WORK TASK: Starting with the line that holds "Immortal Hulk #1" and stopping after the line that holds "NEW DC12V 37.5cm", repeat the lines below word for word, without the pictures.

PROVIDED MATERIAL:
※

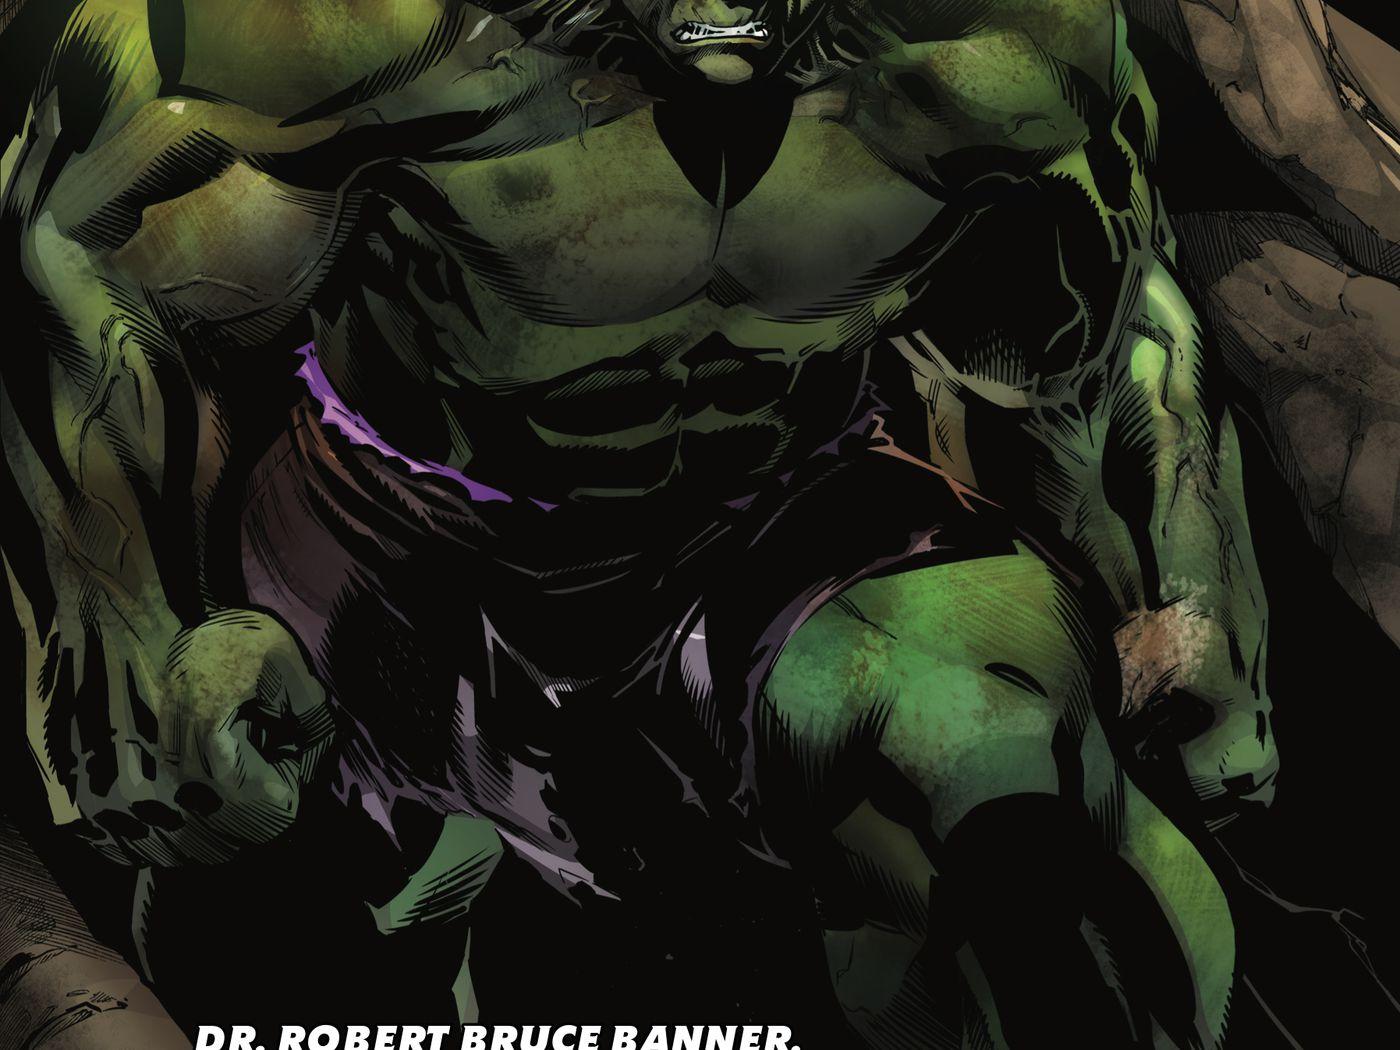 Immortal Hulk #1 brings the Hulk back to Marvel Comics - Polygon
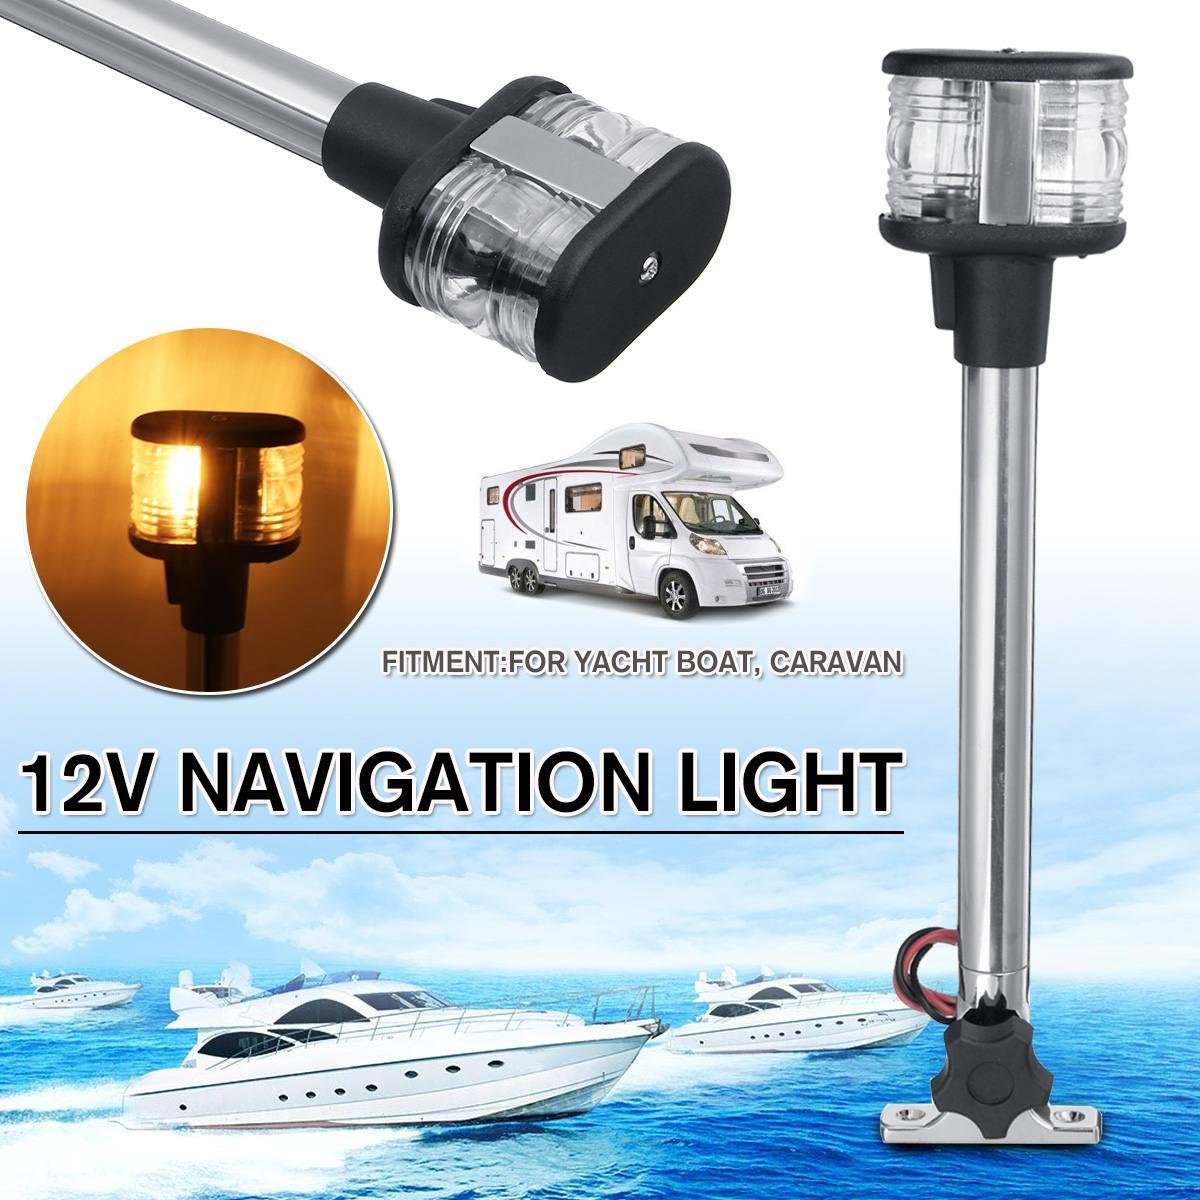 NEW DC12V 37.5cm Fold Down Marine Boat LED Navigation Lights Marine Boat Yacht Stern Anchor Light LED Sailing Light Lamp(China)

※

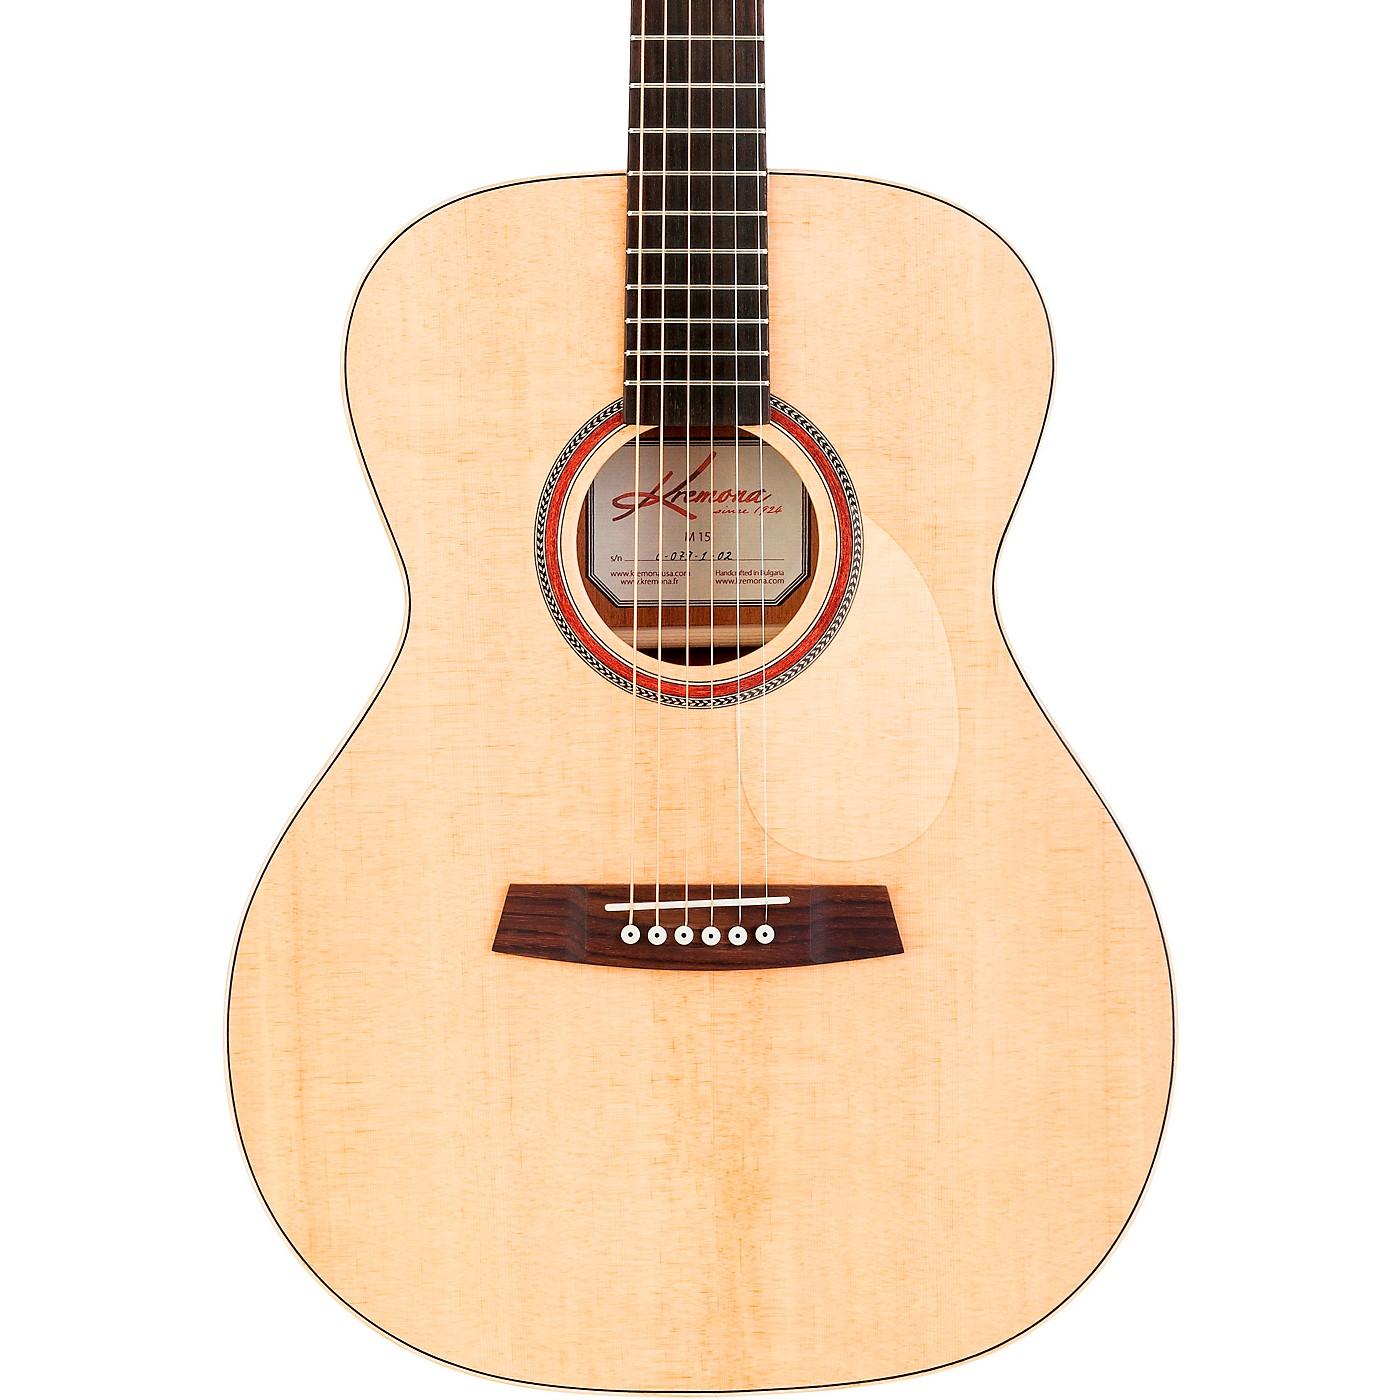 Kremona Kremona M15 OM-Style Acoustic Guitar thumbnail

※

ANSWER TO THE PROBLEM:
 Immortal Hulk #1 brings the Hulk back to Marvel Comics - Polygon
 NEW DC12V 37.5cm Fold Down Marine Boat LED Navigation Lights Marine Boat Yacht Stern Anchor Light LED Sailing Light Lamp(China)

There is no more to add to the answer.